Holyrood’s Social Security Committee is calling on the UK Government to continue the £20 increase to Universal Credit.

The increase to Universal Credit and tax credits was made at the beginning of the pandemic to help struggling families, but is due to end in April.

In a letter to Social Security Secretary Shirley-Anne Somerville, the committee says the UK Government must also review its current policy so that 16 and 17 year olds are eligible to claim, given the impact of the pandemic on young people.

The committee is also calling on the Scottish Government to look at bringing forward uprating of the Scottish Child Payment, which is currently scheduled for April 2022.

The letter states: “A key purpose of the social security budget is to contribute to the ‘Poverty’ National Outcome.
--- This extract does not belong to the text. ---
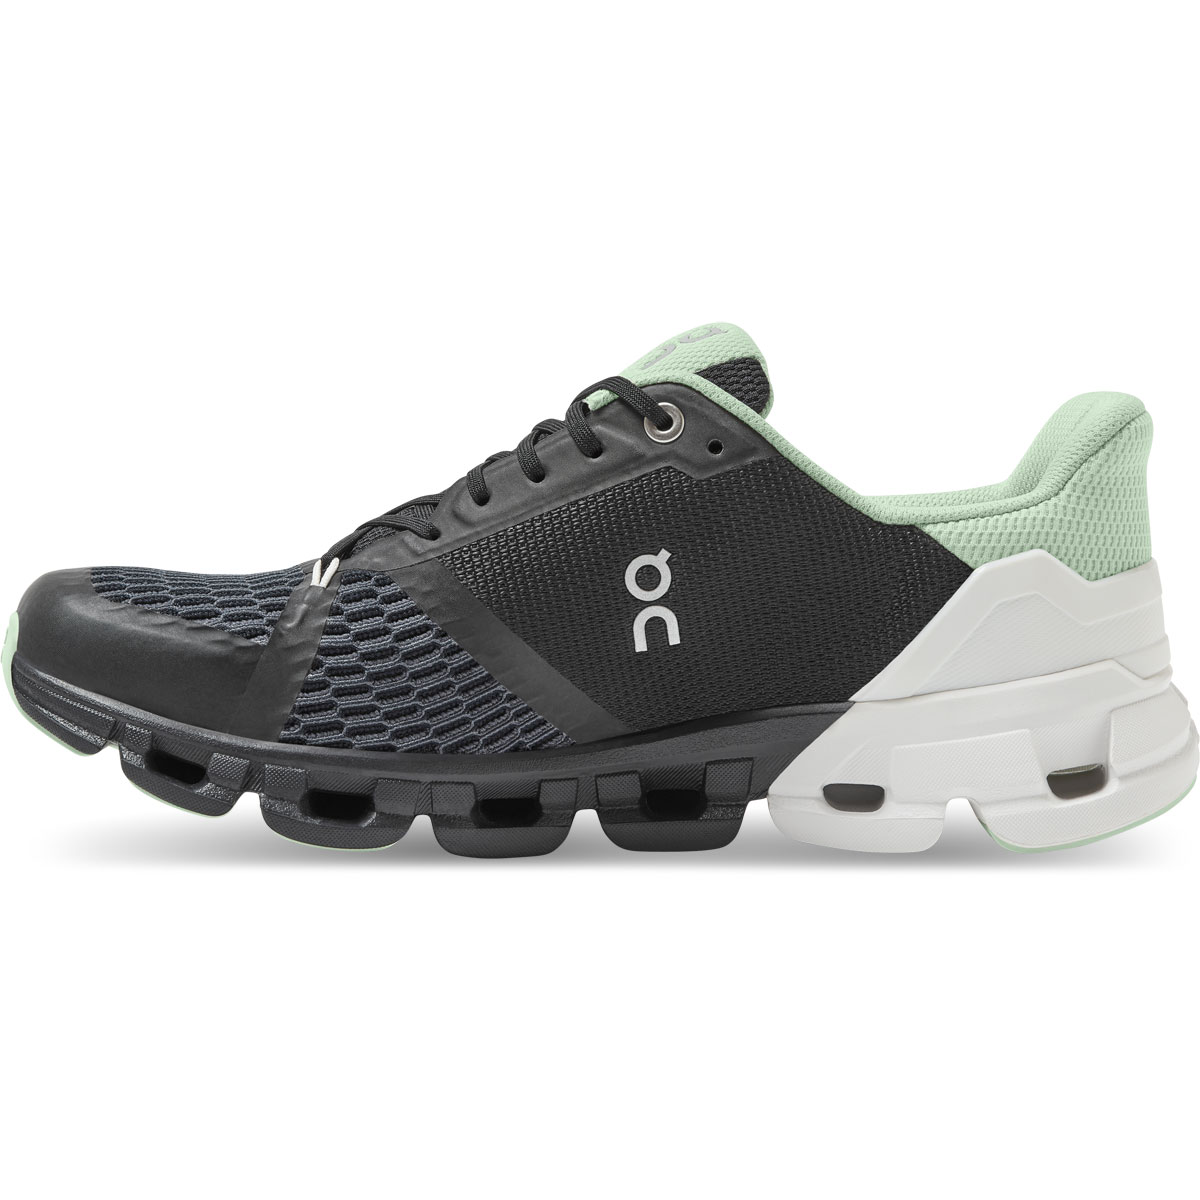 Women's On Cloudflyer 2.0 Running Shoe - Color: Black/White - Size: 5 - Width: Regular, Black/White, large, image 3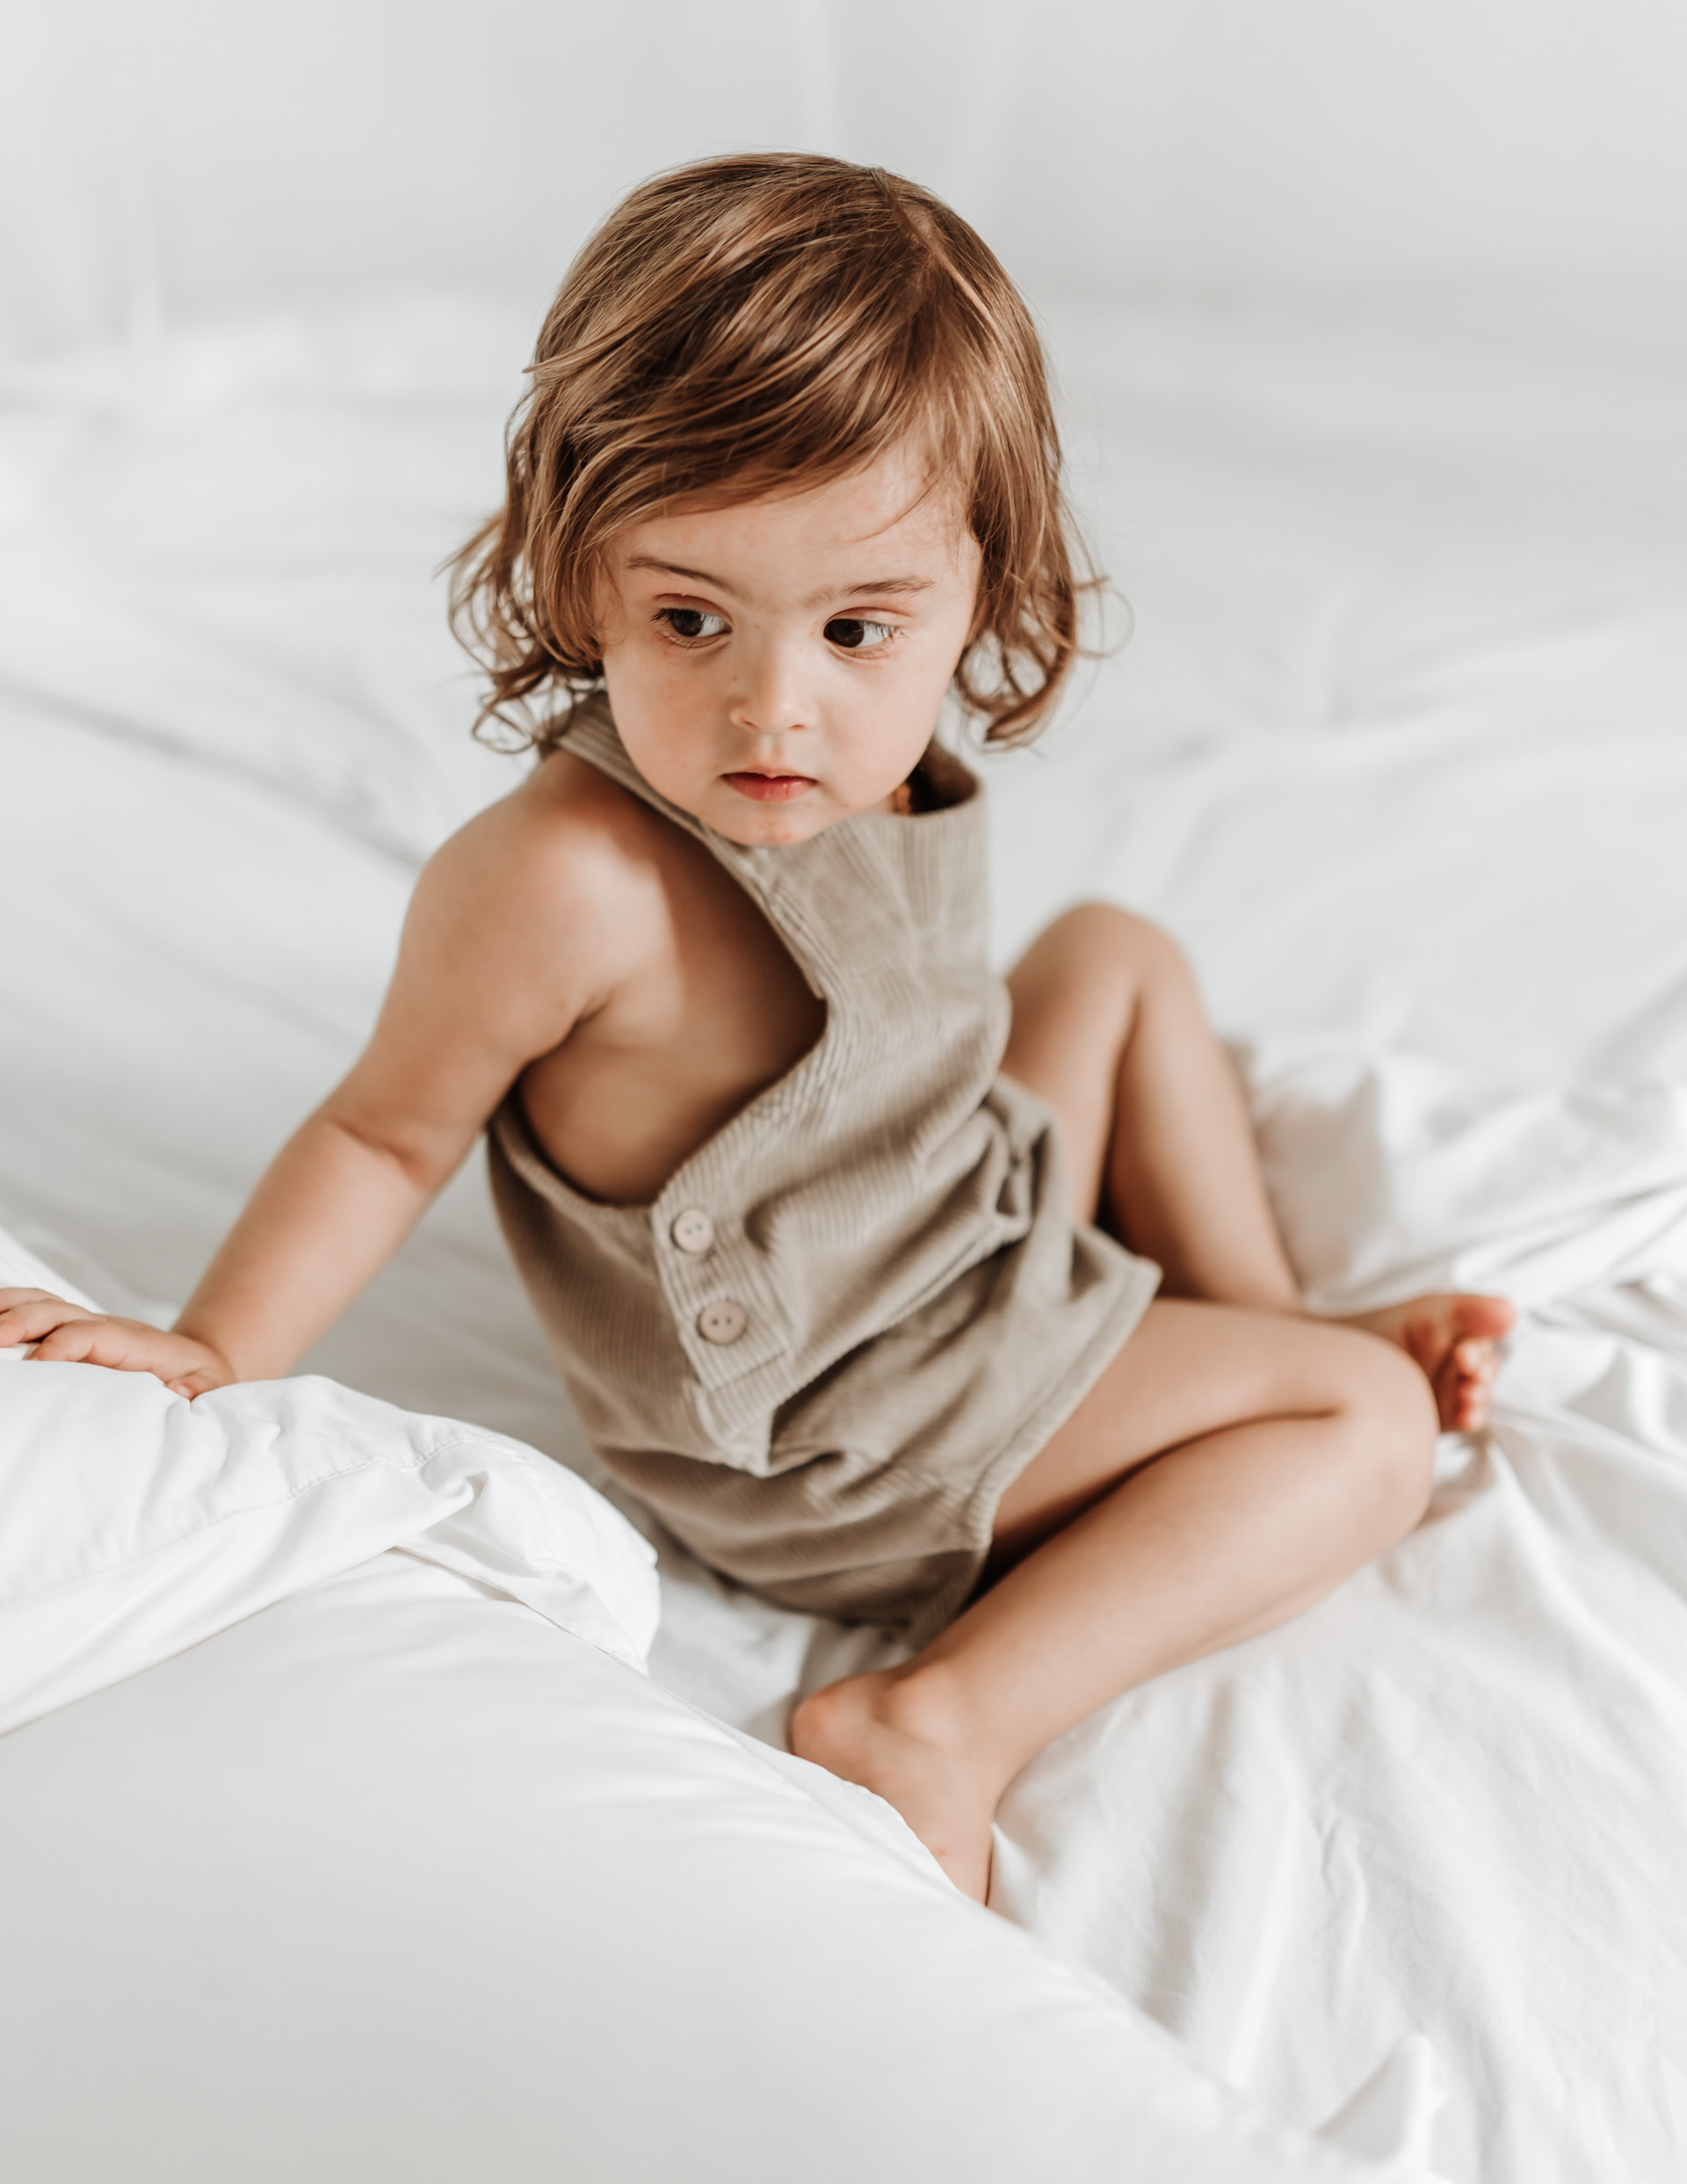 keira-mason-illoura-the-label-little-girl-in-bed.jpg

“Social security alone cannot address poverty, but it plays an important part.

“Most indicators underpinning this national outcome have shown a stable performance until now (relative poverty, wealth inequality, cost of living, unmanageable debt, satisfaction with housing) with the exception of the ‘persistent poverty’ indicator.

“In the face of what could be an unprecedented jobs crisis, there is a high risk that these indicators will start to show a worsening picture.

“When considering the delivery, impact and funding of existing Scottish Government social security priorities and whether to propose any change of emphasis, we acknowledge the balance to be struck between crisis intervention and preventative spend.”

The committee also highlights evidence from the Scottish Fiscal Commission that the fall in applications for disability benefits may be due to the reduced availability of advice.

It believes that both the Scottish and UK Governments should work together and agree appropriate funding to promote increased uptake of all benefits.

The letter states: “Widely available welfare advice, particularly delivered locally, plays an important role in raising awareness of benefits, assisting people to claim all they are entitled to and ensuring higher rates of take-up.

“We welcome the statutory duty on the Scottish Government to promote take-up of benefits and re-state our previous recommendation that there should be a holistic approach to take-up strategies for devolved and reserved benefits.

“Our view is that both the Scottish and UK governments should work together and agree appropriate funding for a concerted effort.”